Are we landing this enabled by default?

::: dom/apps/AppsUtils.jsm
@@ +478,5 @@
>      }
>      return true;
>    },
>  
> +  allowUnsignedAddons: false, // for testing purposes.

Could this be a pref to ease the manual testing process, please?

@@ +492,5 @@
>      if (aRole == "theme" && aStatus !== Ci.nsIPrincipal.APP_STATUS_CERTIFIED) {
>        return false;
>      }
> +    if (!this.allowUnsignedAddons &&
> +        (aRole == "addon" &&

I guess we need a Gaia patch as well to hide apps with this role.

https://mxr.mozilla.org/gaia/source/apps/homescreen/js/grid.js#16

::: dom/apps/UserCustomization.jsm
@@ +37,5 @@
> +  * ]
> +  */
> +
> +function debug(aStr) {
> +  dump("-*-*- UserCustomization (" +

Enable this only if dom.mozApps.debug is true, please

@@ +84,5 @@
> +
> +    this._enabled = false;
> +    try {
> +      this._enabled = Services.prefs.getBoolPref("dom.apps.customization.enabled");
> +    } catch(e) {}

Why don't we do this on .init()?

@@ +88,5 @@
> +    } catch(e) {}
> +
> +    if (!this._enabled) {
> +      return;
> +    }

You can get rid of this as you have the same condition below.

@@ +134,5 @@
> +      if (item.scripts && Array.isArray(item.scripts)) {
> +        item.scripts.forEach((script) => {
> +          custom.scripts.push(base.resolve(script));
> +        });
> +      }

It would be good to look for dups before registering css or js scripts.

@@ +216,5 @@
> +    let sandbox;
> +    if (aItem.scripts.length > 0) {
> +      sandbox = Cu.Sandbox(aWindow,
> +                           { wantComponents: false,
> +                             wantXrays: true,

I read some docs, but I am still unsure about the implications of this.
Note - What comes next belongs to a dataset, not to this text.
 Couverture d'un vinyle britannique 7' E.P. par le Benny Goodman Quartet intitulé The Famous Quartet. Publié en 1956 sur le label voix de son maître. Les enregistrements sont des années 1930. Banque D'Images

Bobby, could you take a look at this specific piece, please? Thanks!

::: dom/apps/Webapps.jsm
@@ +2014,5 @@
>        }
>        this._registerSystemMessages(aNewManifest, aApp);
>        this._registerActivities(aNewManifest, aApp, true);
>        this._registerInterAppConnections(aNewManifest, aApp);
> +      UserCustomization.register(aNewManifest, aApp);

I don't think this is dependent of system messages support

@@ +4025,5 @@
>      Services.obs.notifyObservers(null, "webapps-uninstall", JSON.stringify(aApp));
>  
>      if (supportSystemMessages()) {
>        this._unregisterActivities(aApp.manifest, aApp);
> +      UserCustomization.unregister(aApp.manifest, aApp);

Ditto
Attachment #8533760 - Flags: feedback?(jonas)
Attachment #8533760 - Flags: feedback?(bobbyholley)
Attachment #8533760 - Flags: review?(ferjmoreno)
Attachment #8533760 - Flags: feedback?(amac.bug)
Comment on attachment 8533760 [details] [diff] [review]
b2g-addons.patch

Review of attachment 8533760 [details] [diff] [review]:
-----------------------------------------------------------------

f=bholley on sandbox initialization modulo that.

::: dom/apps/UserCustomization.jsm
@@ +214,5 @@
> +    });
> +
> +    let sandbox;
> +    if (aItem.scripts.length > 0) {
> +      sandbox = Cu.Sandbox(aWindow,

You need [aWindow] (an nsExpandedPrincipal) here to give the addon the appropriate security characteristics. That will also let you remove the |wantXrays| flag below, since same-origin Xrays are a deprecated feature.
Attachment #8533760 - Flags: feedback?(bobbyholley) → feedback+
"Are we allowing apps to avoid being modified? Some app authors may not want their apps to be extensible for many reasons (security could be one for instance) so I think it would be good to also add the ability for apps to opt out of this feature."

I think it's quite important that apps *can't* opt out - it should be entirely under users' control. If as a user there's an app I want to use, but it has some heinous behaviour that I wasn't to remove, I don't want to be restricted from doing so.
Assignee

Comment 23

5 years ago
(In reply to Fernando Jiménez Moreno [:ferjm] from comment #20)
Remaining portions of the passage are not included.